I once met a very sincere woman who said something like, “I do not need to pray to Jesus; I pray to Mary His mother, and since she is His mother, I’m sure she will use her influence on Jesus.” I cringed, and still do! (By the way, this is not official Catholic doctrine; for an official view of the saints and angels, see the Catechism.) The proper way of understanding Mary and her role in the Church is to see that she belongs to the created world of spirits. She is not the fourth member of the Trinity! She does not inhabit eternity! She belongs to the great cloud of witnesses in the created spirit world. We may reasonably conclude that since Jesus, the eternal Logos, received His humanity from Mary (and therefore she has been honored in the Church as “Mother of God”) she holds a special place in heaven. Think of this; the Incarnate Christ who now has a glorified human body that inhabits eternity but also the spirit world we call heaven has a mother! Her “I will” to God in contrast to Eve’s “I will not” makes her our new mother as well. She does not stand as a mediator between us and Jesus. Rather, she is, along with all the other saints and angels, a channel of Christ’s grace to us. The first generation of reformers, by and large, believed this. It is only since the enlightenment that Mary has been demoted to utter insignificance in some circles, along with the spirit world.

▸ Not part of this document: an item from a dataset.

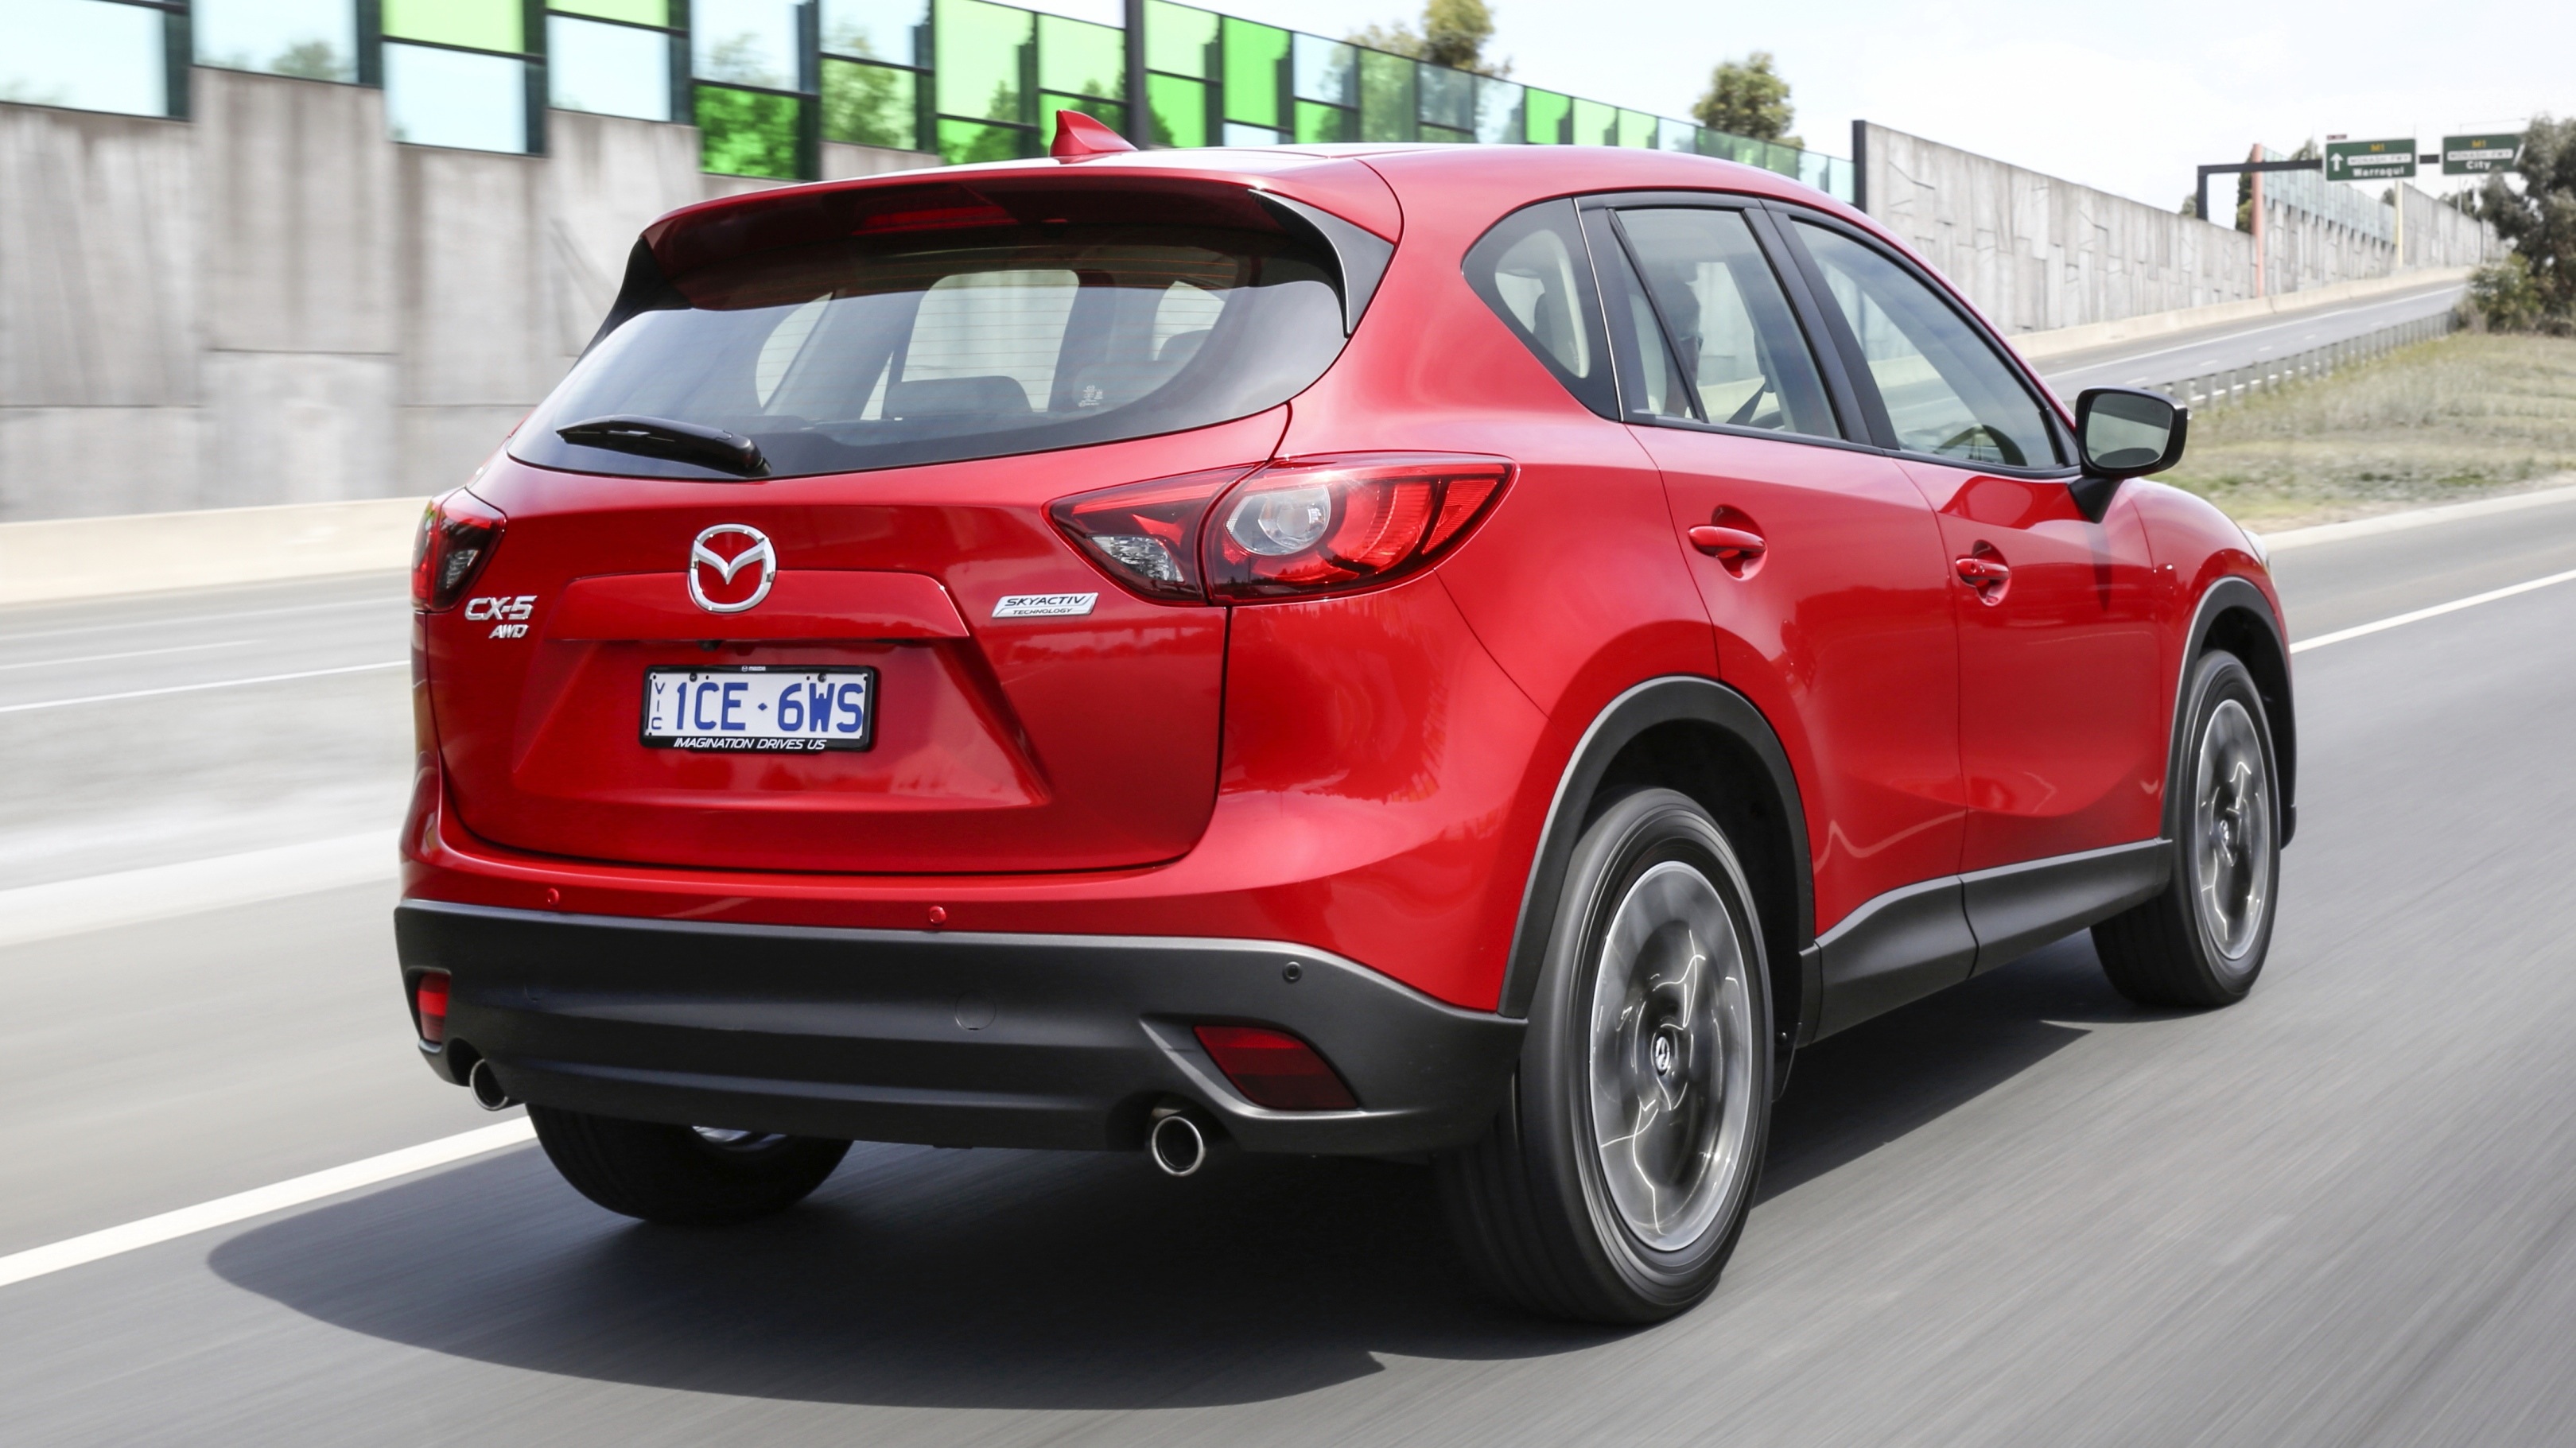 2015 Mazda CX-5 : Pricing and specifications - photos | CarAdvice
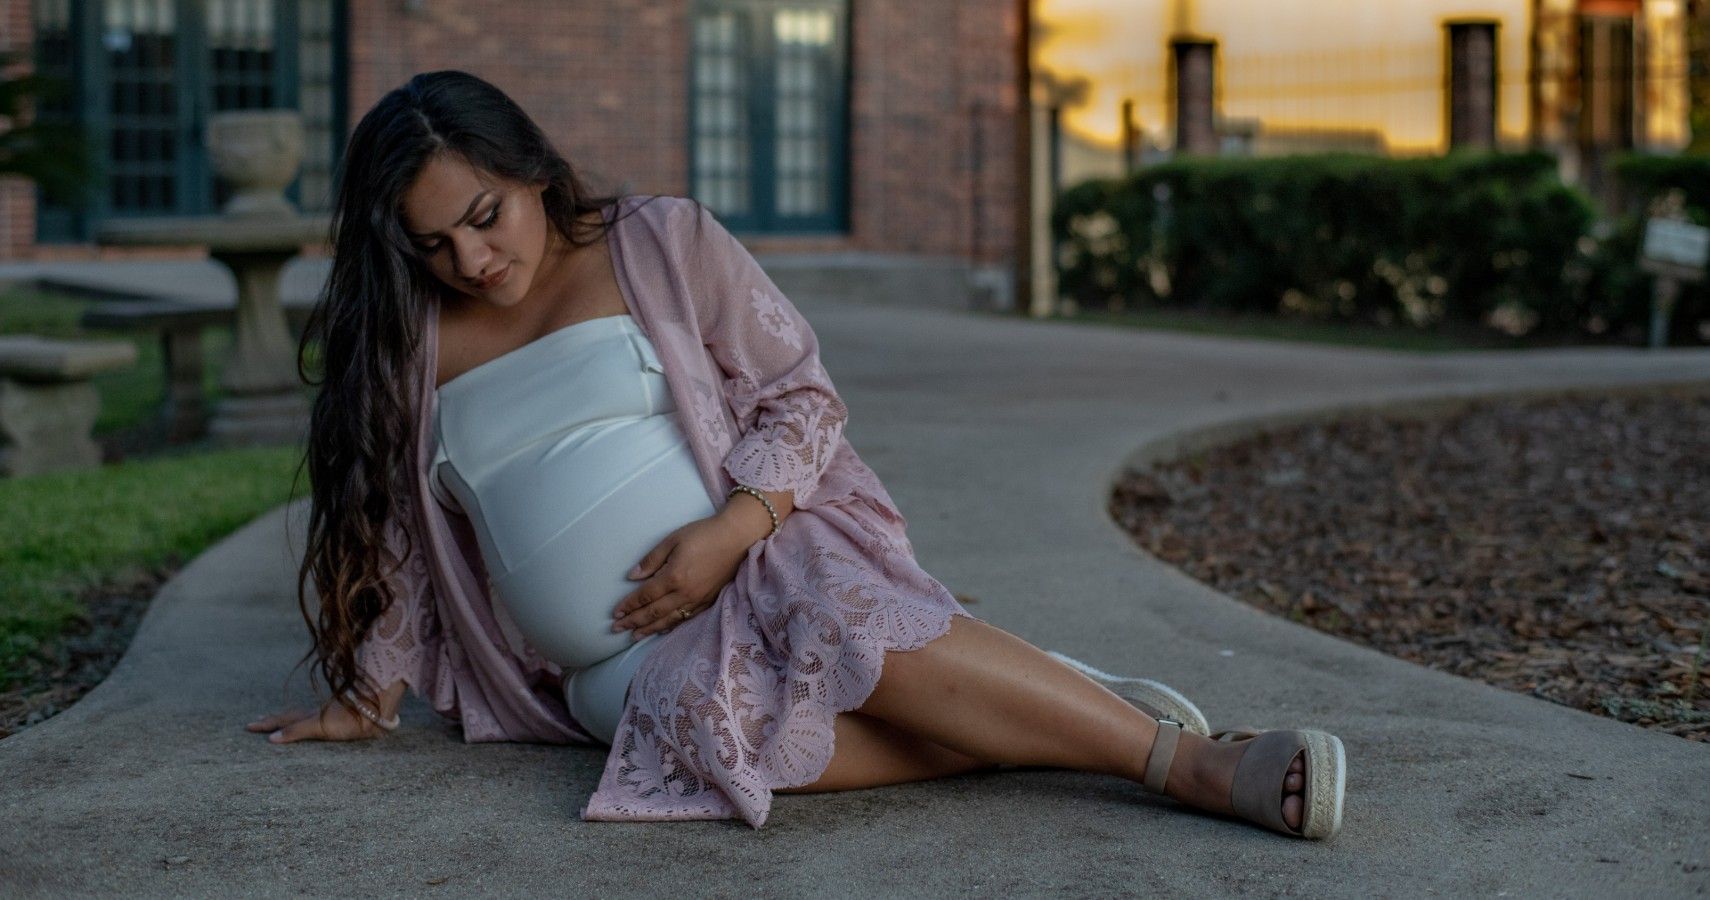 A pregnant bell that has dropped can signal many things to the expecting mother

But how do we get back? Can the toothpaste ever be put back into the tube? How can we shift our cosmology? Well, it is a life-long task to see reality as it really is. Yet we have to believe that if all we have said is true, that God wants us to see and experience it. Prayer is the only way back. There is an old saying in the Church; lex orandi lex credendi (The way we pray shapes the way we believe). We should pray with a sense of the reality of heaven and the spirit world where our departed brothers and sisters somehow and somewhere inhabit even now before the resurrection. We never fail to ask our brothers and sisters here on earth to pray for us, why not those saints which we knew on earth or those long ago with whom we connect well? We all belong to one great unified reality!